Subsidies can offset some disadvantage. They cannot eliminate it.

The implications for global decarbonisation are profound.

India’s solar deployment relies heavily on Chinese panels, despite intermittent tariffs and stated preferences for domestic content. Africa’s nascent renewable buildout depends almost entirely on Chinese equipment and financing.

Even countries politically hostile to China find themselves purchasing Chinese technology because no alternative exists at comparable cost.

This creates a peculiar dynamic: China’s domestic energy policy has become, de facto, global climate policy.

Decisions made in Beijing about manufacturing subsidies, export controls, and deployment targets ripple through energy markets worldwide. When China accelerates, global decarbonisation accelerates. When China prioritises domestic supply over exports—as it did briefly in 2023—international markets feel the squeeze.

The View from 2035

Extrapolating China’s current trajectory produces figures that strain credulity.

If deployment continues at roughly 300-350 gigawatts annually—below the 2024 pace but above long-term averages—China would reach 2,500-3,000 gigawatts of wind and solar by 2035.

That would represent roughly half of global renewable capacity. Concentrated in a single country with less than a fifth of global population.

At that scale, China would generate more electricity from wind and solar alone than the entire United States generates from all sources today.

The country’s grid would need to manage variable renewable penetration approaching 50-60% of total generation. Storage capacity measured in thousands of gigawatt-hours. Transmission infrastructure to match.

Whether this is achievable depends on factors difficult to model: continued policy support, grid integration success, equipment supply chain scaling, absence of major disruptions.

It also depends on continued willingness to accept the inefficiencies and oversupply that have characterised the buildout to date.

But the track record suggests caution before betting against Chinese infrastructure deployment.

The IEA has been revising forecasts upward for years. BloombergNEF regularly notes that Chinese installations exceed projections.

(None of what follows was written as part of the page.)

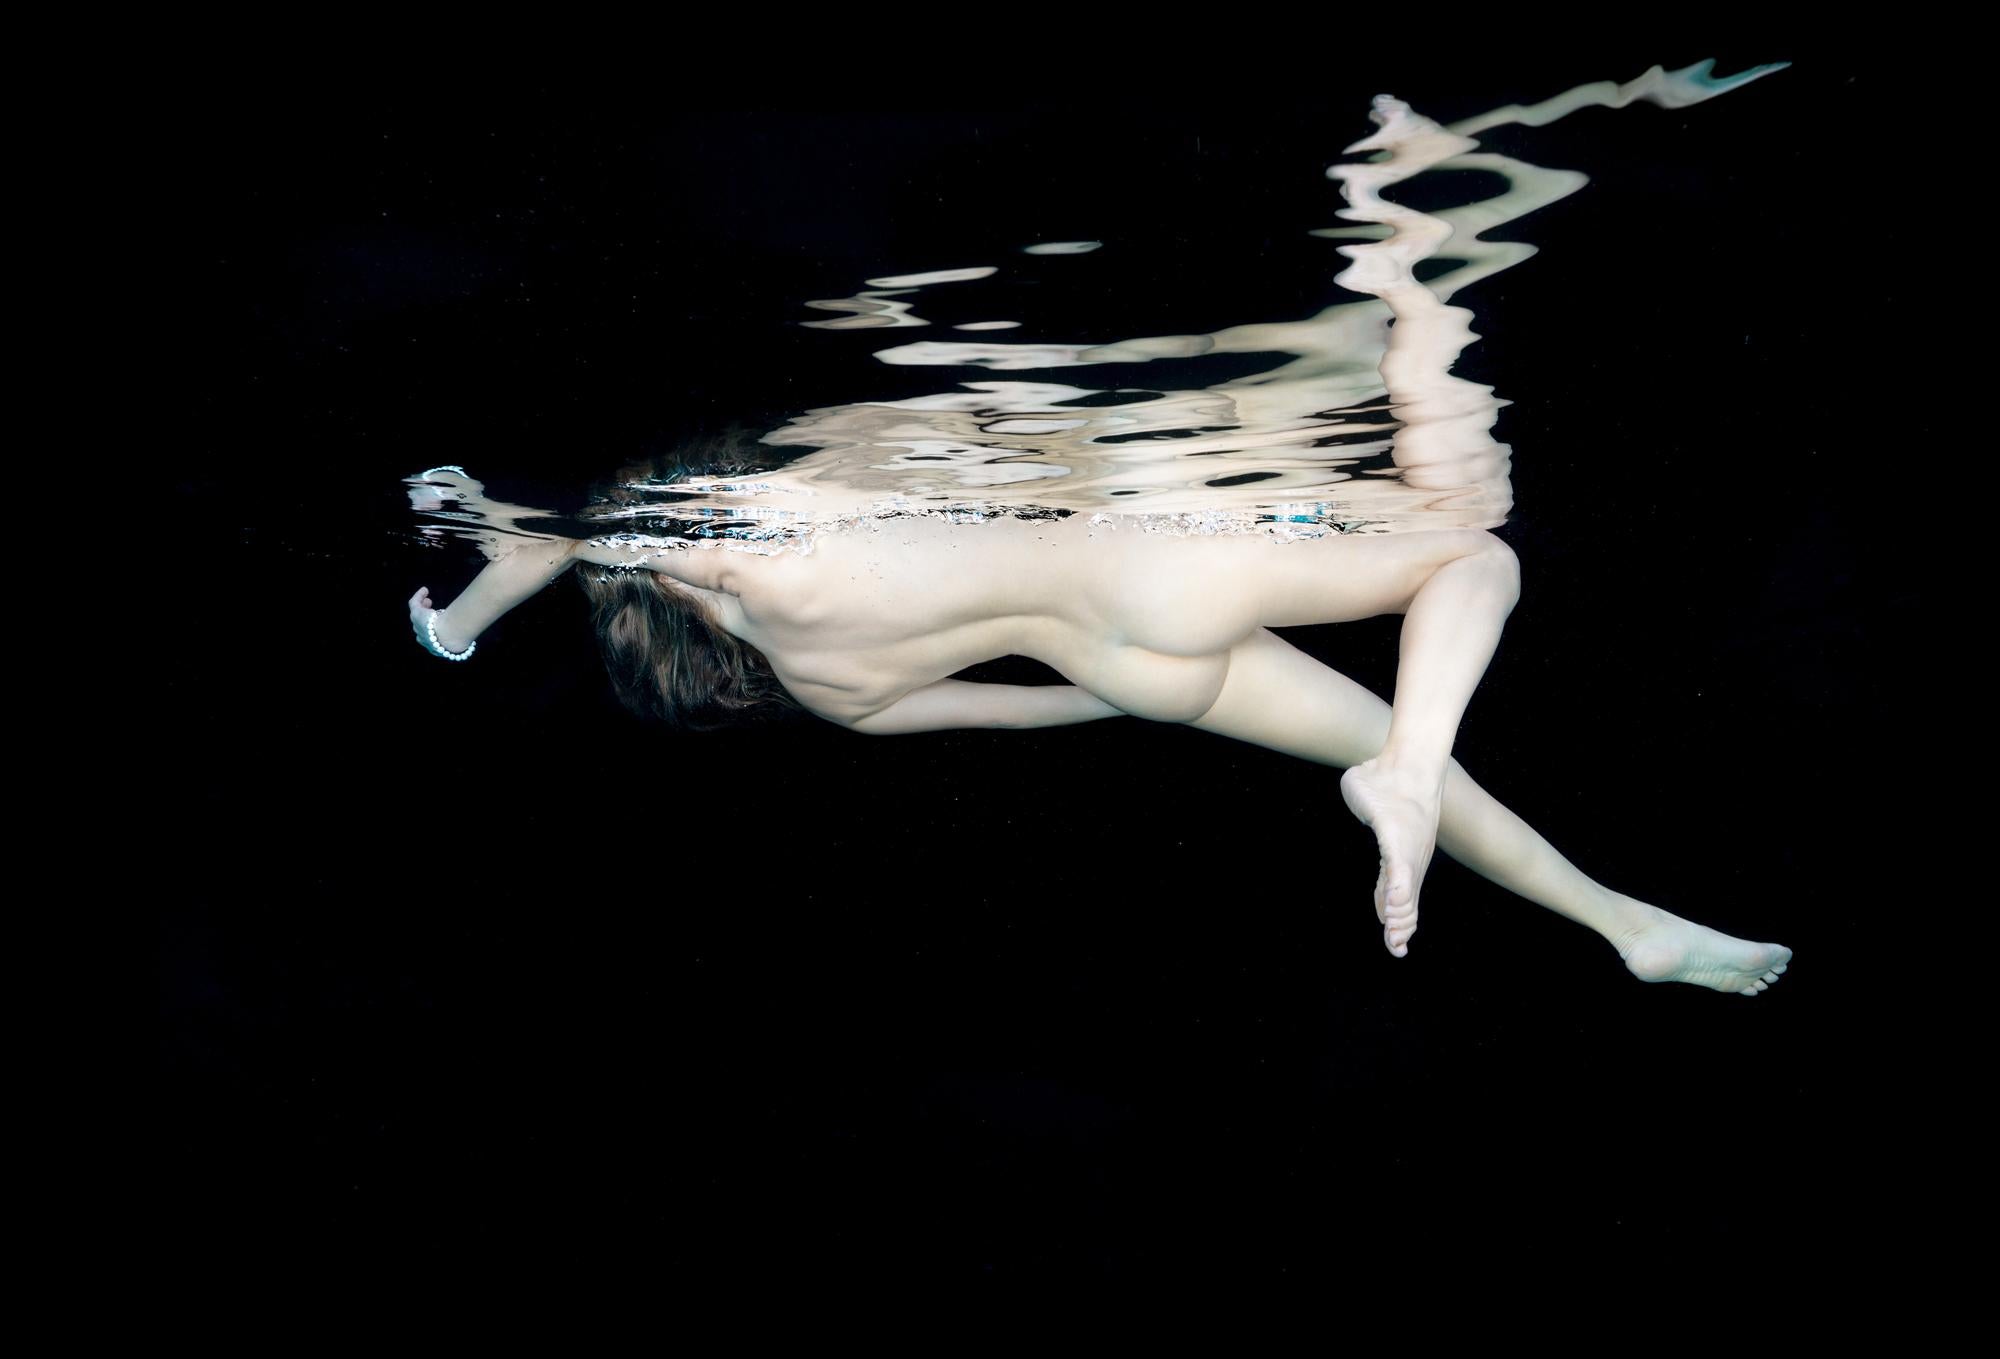 Alex Sher Nude Photograph - Porcelain II  - underwater nude photograph - print on aluminum 24x36"

The factory continues to grow.

Those who predicted it would slow have been consistently wrong.

For the rest of the world, the strategic implications are substantial.

China’s energy transition is not waiting for international consensus, carbon pricing mechanisms, or technological breakthroughs that Western roadmaps often assume.

It is happening through brute-force industrial policy, manufacturing dominance, and tolerance for approaches that efficiency-oriented analysis dismisses.

The Factorio community has another saying, usually offered when someone complains that their factory is ugly, wasteful, or inelegant:

“If it’s stupid and it works, it’s not stupid.”

China’s energy planners would probably agree.